In our study, increased Ang-2 and VWF levels were related on day 0 as reported before [8, 12], suggesting that they were released together from the endothelial Weibel-Palade body, but not on the subsequent days. There are several explanations for the observed loss of relation between Ang-2 and VWF levels. First, the synthesis and subsequent storage of Ang-2 and VWF in de Weibel-Palade bodies may become differently regulated throughout the course of disease, so that the ratio between Ang-2 and VWF changed. Second, Ang-2 may not only be released from the Weibel-Palade body, but also by constitutive secretion from the cytoplasm. Indeed, Ang-2 is uniformly distributed in the cytoplasm of endothelial cells in the absence of VWF [13]. Third, the binding or consumption of VWF may be increased in more severely ill patients, for example, during diffuse intravascular coagulation.

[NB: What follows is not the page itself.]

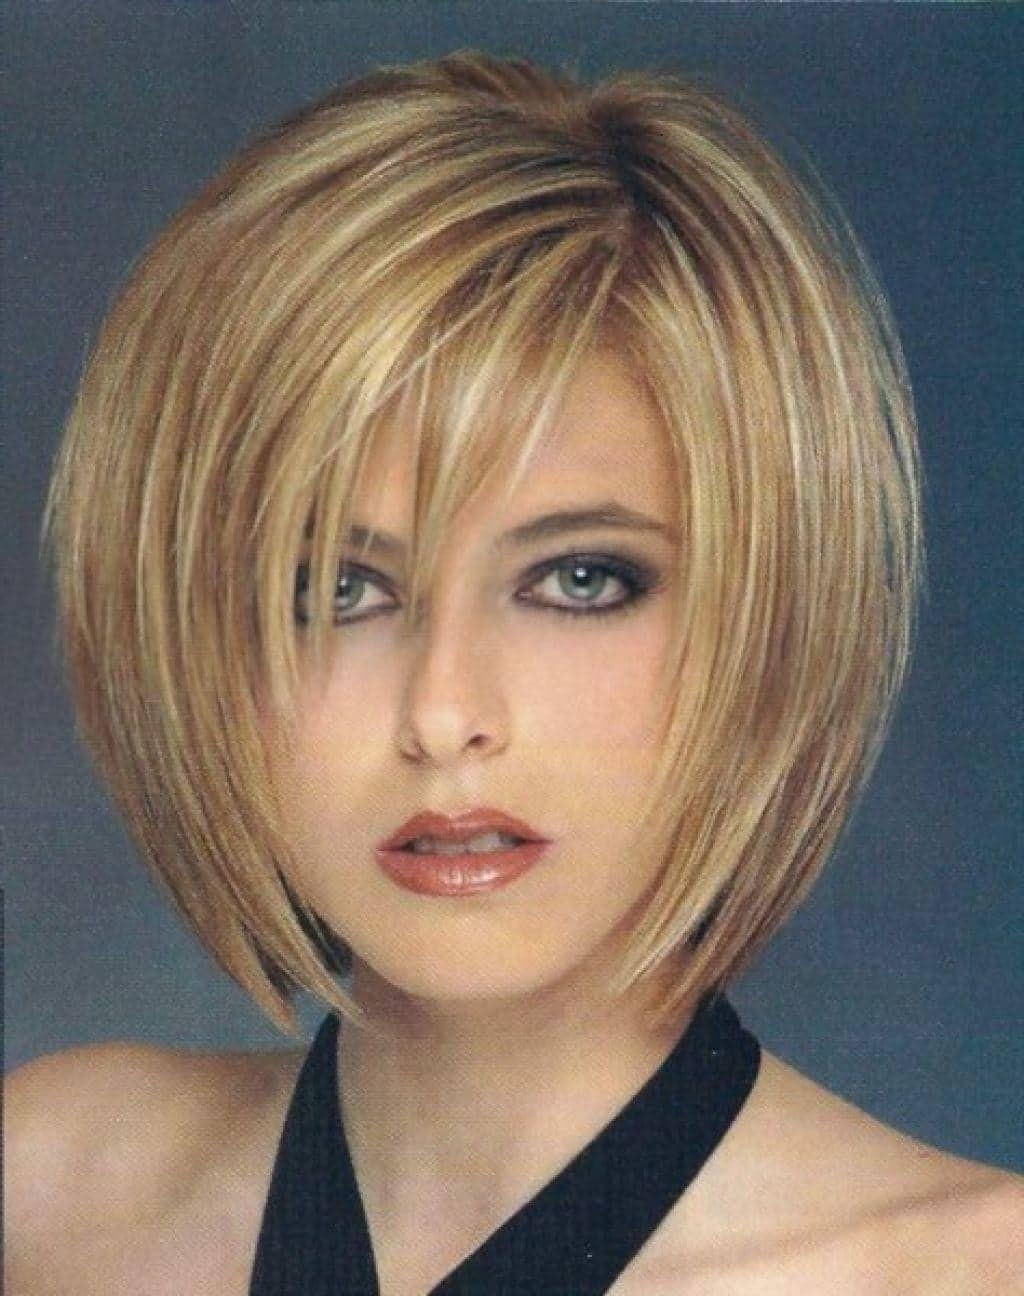 Bob Cut For Thin Hair  Short bob haircuts for thin hair Short and Cuts Hairstyles

Our study has several limitations. First, the relation between Ang-2 and a positive fluid balance or pulmonary dysfunction was relatively modest (r = 0.25–0.30), suggesting that the positive fluid balance and pulmonary dysfunction are only partly due to increased Ang-2 levels. Indeed, it has been reported that Ang-2 sensitizes the endothelium to inflammatory stimuli rather than acting alone in the vascular system [37]. Second, it was not feasible to measure the pulmonary vascular permeability in a more direct manner with the pulmonary leak index method as we did in our previous study [12]. Instead, we studied the relation with fluid balance as surrogate indicator of vascular permeability. The data suggest that differences and changes in fluid balance were not confounded by differences and changes in renal function as can be judged, albeit imperfectly, from serum creatinine levels. Therefore, changes in the fluid balance are likely explained, at least in part, by changes in vascular permeability, even though not reflecting pulmonary vascular permeability directly. However, it is likely that the systemic and pulmonary vascular endothelium are simultaneously activated, since both are exposed to circulating inflammatory mediators. Furthermore, the fluid balance related to the P aO2/F iO2 ratio and the oxygenation index, and we confirmed that a positive fluid balance is related to a worse outcome in ALI and septic shock [26, 27], suggesting that a positive fluid balance includes pulmonary injury-induced oedema. Third, the plasma levels of Ang-2, VWF and Ang-1 and the difference in Ang-2 levels between survivors and non-survivors may have been underestimated due to fluid resuscitation and plasma dilution. This indicates that the difference in plasma levels of the measured proteins may be even greater and the relation with the fluid balance and pulmonary dysfunction even stronger. Fourth, in multivariate analysis, APACHE II score and Ang-2, but not fluid balance, P aO2/F iO2 ratio, oxygenation index, PEEP and Ang-1 at day 0 remained significantly predictive factors of ICU mortality. Nevertheless, the value of this analysis is limited in our relatively small group of 50 patients.

In conclusion, in contrast to VWF levels, increased Ang-2 levels relate to a positive fluid balance and pulmonary dysfunction throughout the course of septic shock. While VWF levels only predict ICU mortality early in the course of septic shock, Ang-2 levels do so throughout the course. Pharmacological blockade of Ang-2 during the course of septic shock might reduce the degree of vascular permeability and pulmonary dysfunction and should be pursued in future studies for outcome benefits.